The Edison kinetoscope, ca. 1912, was one in a line of Edison’s motion-picture inventions.

Apple, Microsoft and others spent $4.5 billion to buy Nortel, mainly for its patent holdings. Tim Cook, who is now Apple’s CEO, acknowledged that the tech titan views patents as weapons. “We want people to invent their own stuff. We’re going to make sure we defend our portfolio from everyone.”

Google paid about $12 billion to acquire Motorola Mobility, which had a strong patent library after long experience with mobile phones.

Android phone-maker HTC sued Apple, claiming that its iStuff and computers infringed on three HTC patents.

We wonder: Is this a situation that only a patent lawyer could love, or are these purchases and lawsuits the inevitable price of progress in our high-tech world?
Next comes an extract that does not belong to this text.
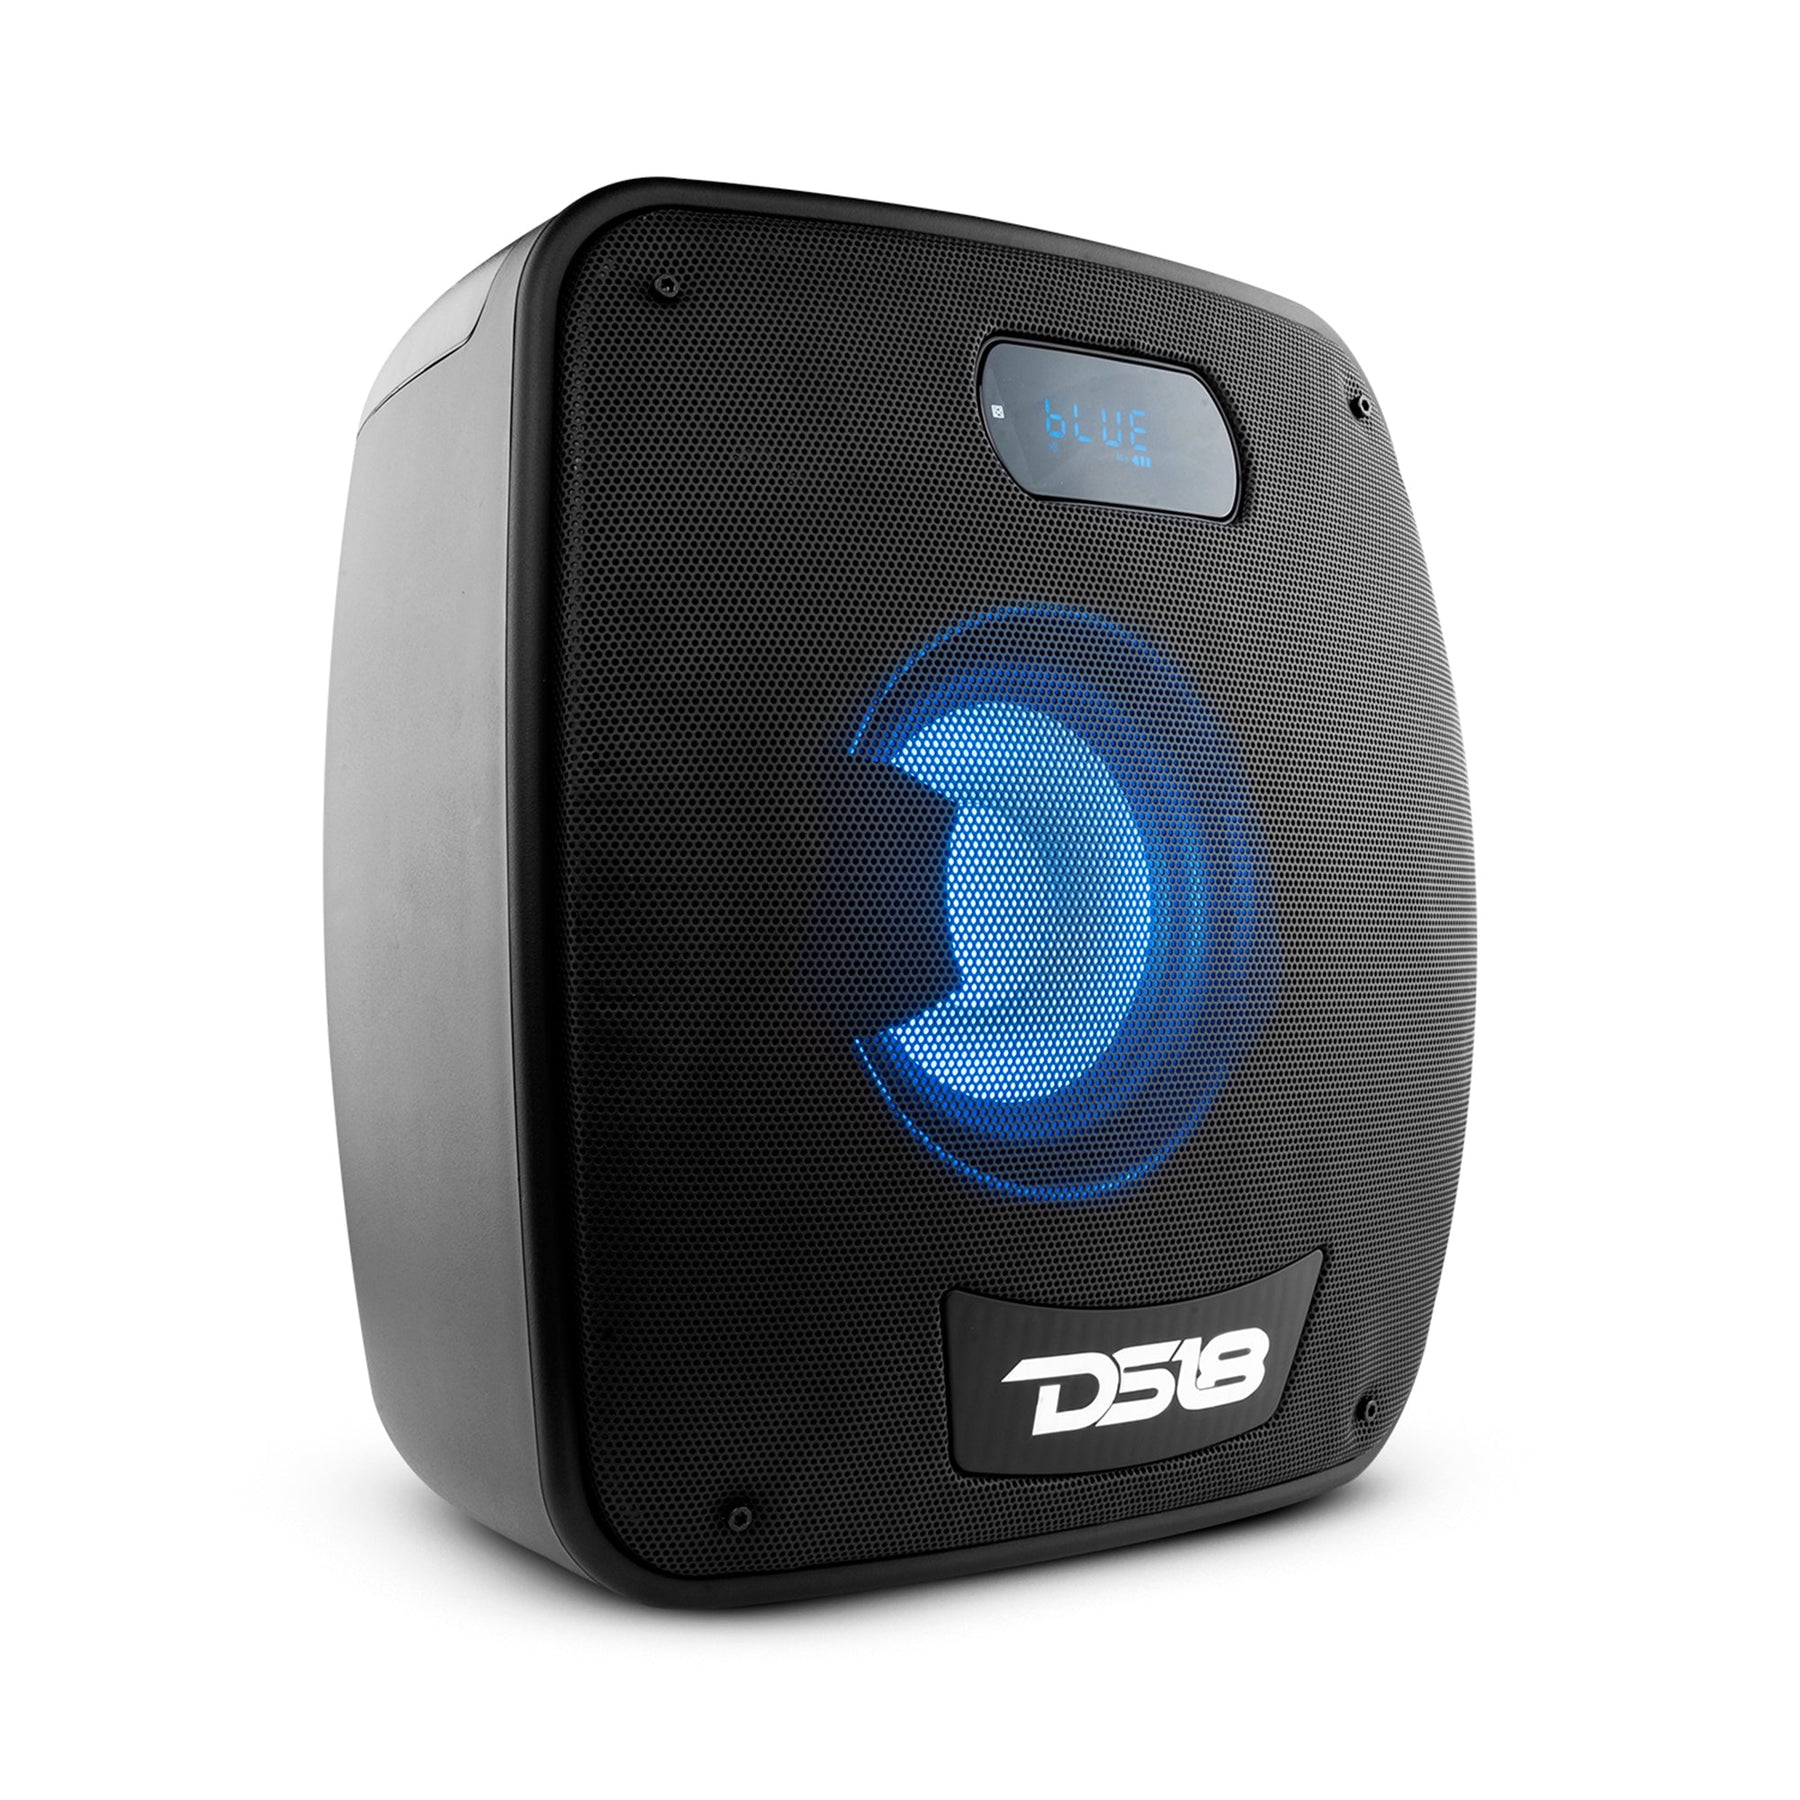 Shop Sub Woofer Super Bass 5 Inch Wireless Bluetooth Speaker with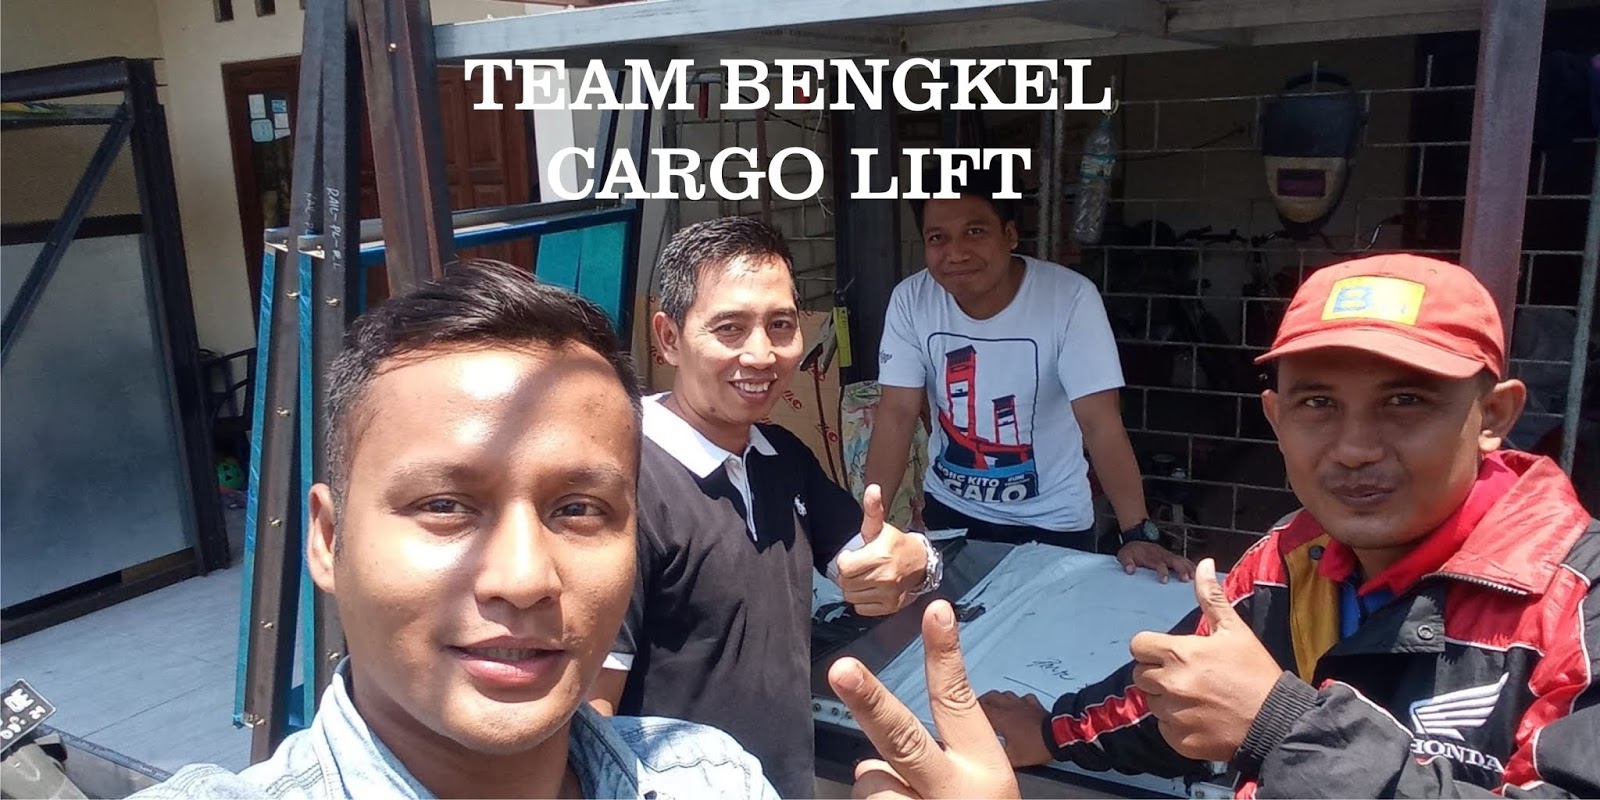 Bengkel cargo lift

Are they the inevitable outgrowth of a venerable system that, for all its flaws, is still better than nothing?

Patents are licenses to exclusively make and market an invention that are inscribed in the U.S. Constitution. The concept is simple — and ridden with inherent conflict. If you invent a small device (a “midget widget”) that is new, useful, and “not obvious” to people skilled in the art of widgetry — your widget can be protected by a U.S. patent.

If I make or sell a widget that uses your invention (that “infringes on your patent”), you can sue me for damages, and a court may order me to close my widget-works.

So far, my invention has benefited me, my employees and customers, but when the patent (which must explain the inner workings of my midget widget) expires after 20 years, it becomes available to anybody.
And so (in theory) patents stimulate innovation and progress by conferring a short-term monopoly in return for short- and long-term social and economic benefits.

But what sounds good on paper can hide complexities that only a patent lawyer could love:

What exactly does “new, useful and non-obvious” mean? Does a patent on the “look and feel” of the iPad hold water?

Do “patent trolls,” who make nothing but buy up huge patent libraries, protect the rights of inventors — or hinder innovation?

Is a “business method” like Amazon’s one-click shopping patentable? (Yes, according to a recent court decision.)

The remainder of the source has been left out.